Sunat Dana Hibah di Kabupaten Tasik Sudah Jadi Kebiasaan
Reporter:
syindi|
Rabu 25-08-2021,10:30 WIB
radartasik.com, SINGAPARNA — Pemerhati Kebijakan Anggaran, Nandang Suherman menilai pemotongan Hibah Pemkab Tasikmalaya Tahun Anggaran 2018 ini merupakan perilaku korup yang sudah berurat, berakar dan membudaya dan biasa terjadi berulang setiap tahun.
Apalagi, kata dia, sejauh ini tidak ada penegakan hukum yang luar biasa sampai bisa membongkar ke akarnya dan membuat efek jera. “Memang tidak ada penegakan hukum, kalaupun ada masih sangat minimalis tidak membuat efek jera. Sehingga orang untung-untungan masih tetap berlangsung,” ungkap dia.

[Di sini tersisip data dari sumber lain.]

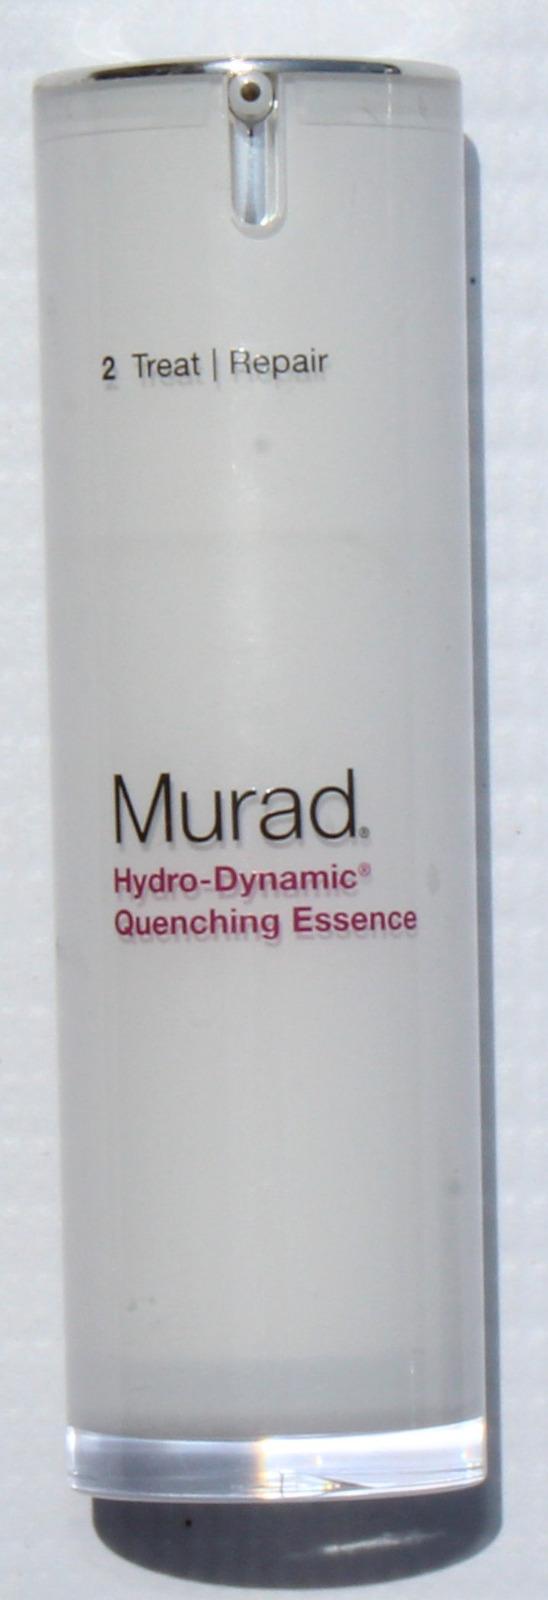 Hydro Dynamic Quenching Essence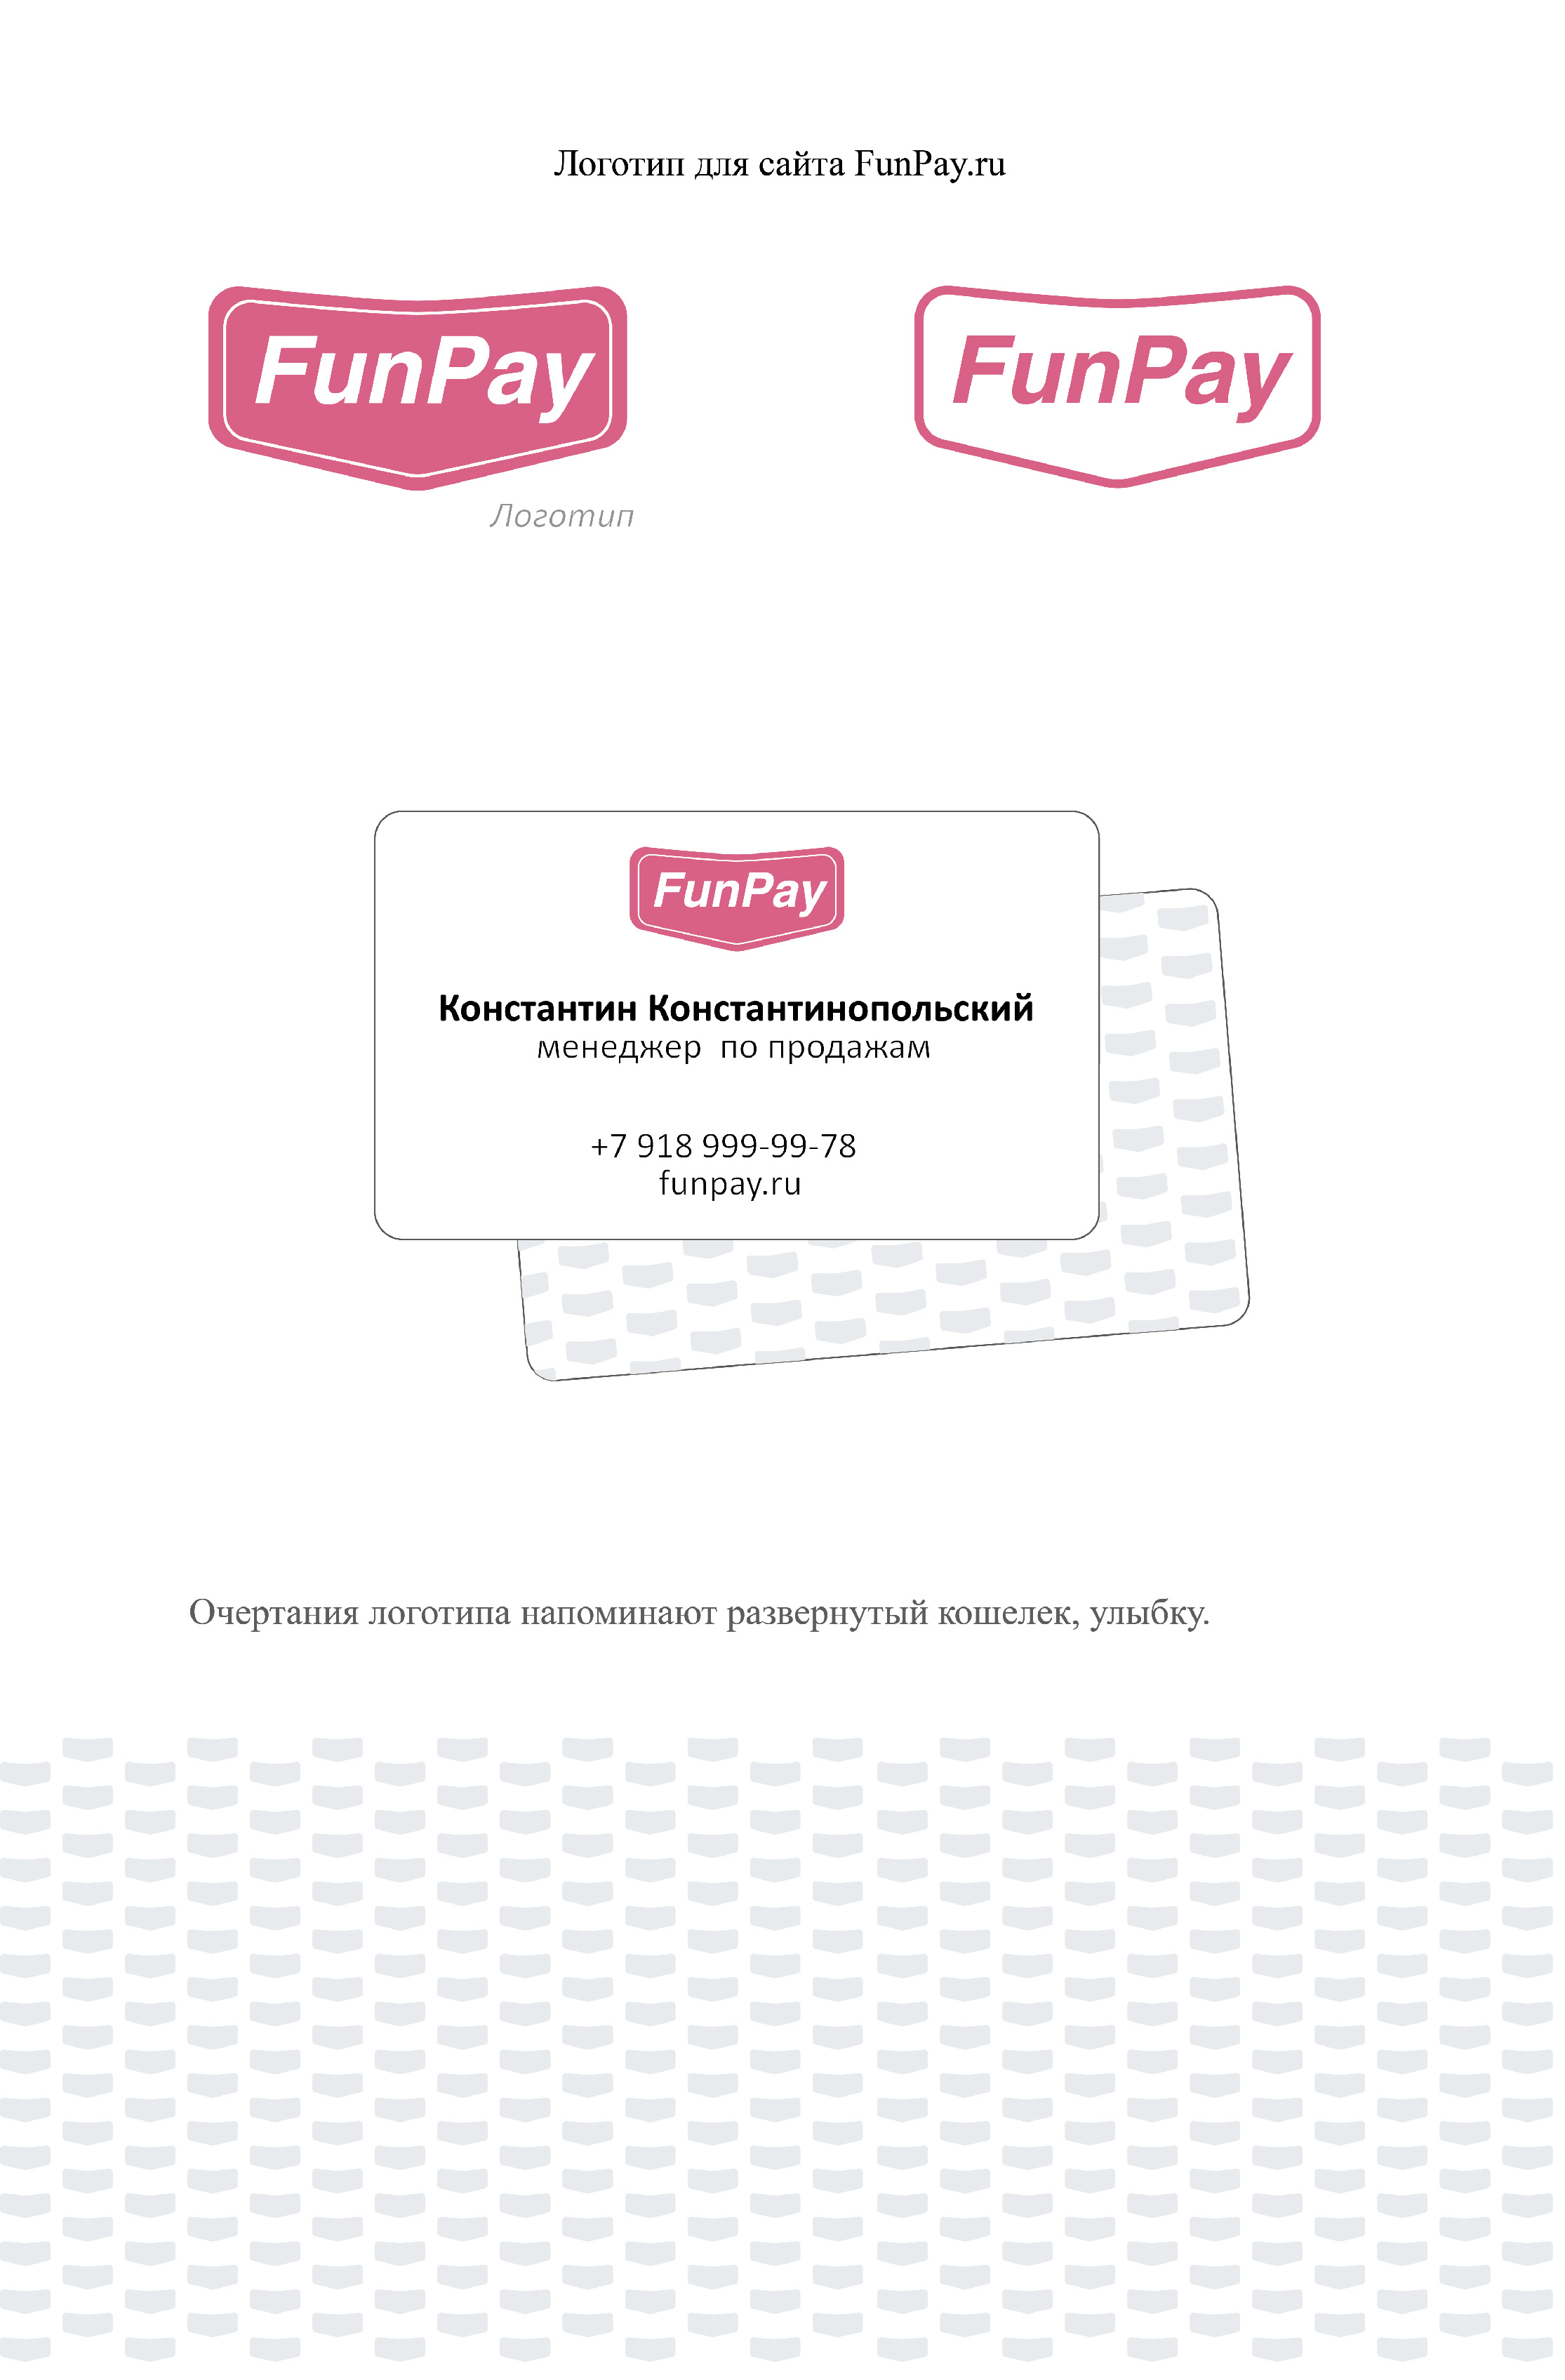 Логотип для FunPay.ru фото f_2635996c7800b3e3.jpg

Menurut dia, fenomena kasus pemotongan hibah ini kalau melihat kepada komprominya pada saat pengusulan juga sudah ada manipulasi dari awalnya. “Bahwa pengusulannya sudah diskemakan oleh orang yang cukup paham terhadap mekanisme penyalurannya,” ujar dia.
“Biasanya melibatkan elite baik di birokrat atau politisi. Kemudian kebiasaan masyarakat ini kan “menerima” begitu saja, karena menganggap hibah ini adalah “pemberian” kebaikan atau belas kasihan dari pemegang otoritas,” paparnya.
Sehingga, lanjut dia, masyarakat dalam kesadarannya sendiri sangat rendah memandang bahwa APBD adalah sumber daya publik milik eksekutif dan legislatif, padahal milik bersama karena berasal dari pajak rakyat.
Lanjut dia, dari sisi penganggarannya sendiri memang cukup tertutup, sehingga peluang terjadinya kongkalikong itu cukup tinggi. Sebenarnya bukan hanya dalam hibah dan bansos saja kalau mau ditelaah mendalam. Bahkan yang disebut kompromi itu bisa terjadi di dalam pelaksanaan proyek, karena temuannya hampir setiap tahun ada dalam hibah ini karena tertutup.
“Kalau tertutup ya potensi untuk korupsinya sangat terbuka. Karena korupsi ini harus dilawan dengan transparansi, dibuka ke publik agar banyak yang mengawasi,” tambah dia.
Ketua FTUB, Ustaz Cece Zayn Nasrulloh mengatakan, persoalan pemotongan hibah ke yayasan dan pondok pesantren ini sudah terjadi bertahun-tahun. Bahkan seolah sudah menjadi budaya untuk mencari keuntungan pribadi.
“Saya berdiskusi dengan beberapa ajengan, pengelola pesantren dan yayasan, ternyata persoalan ini sudah sejak lama dan membudaya. Karena bicara potongan seperti ini seolah sudah menjadi hal biasa. Maka harus diputus supaya tidak terjadi lagi,” kata dia.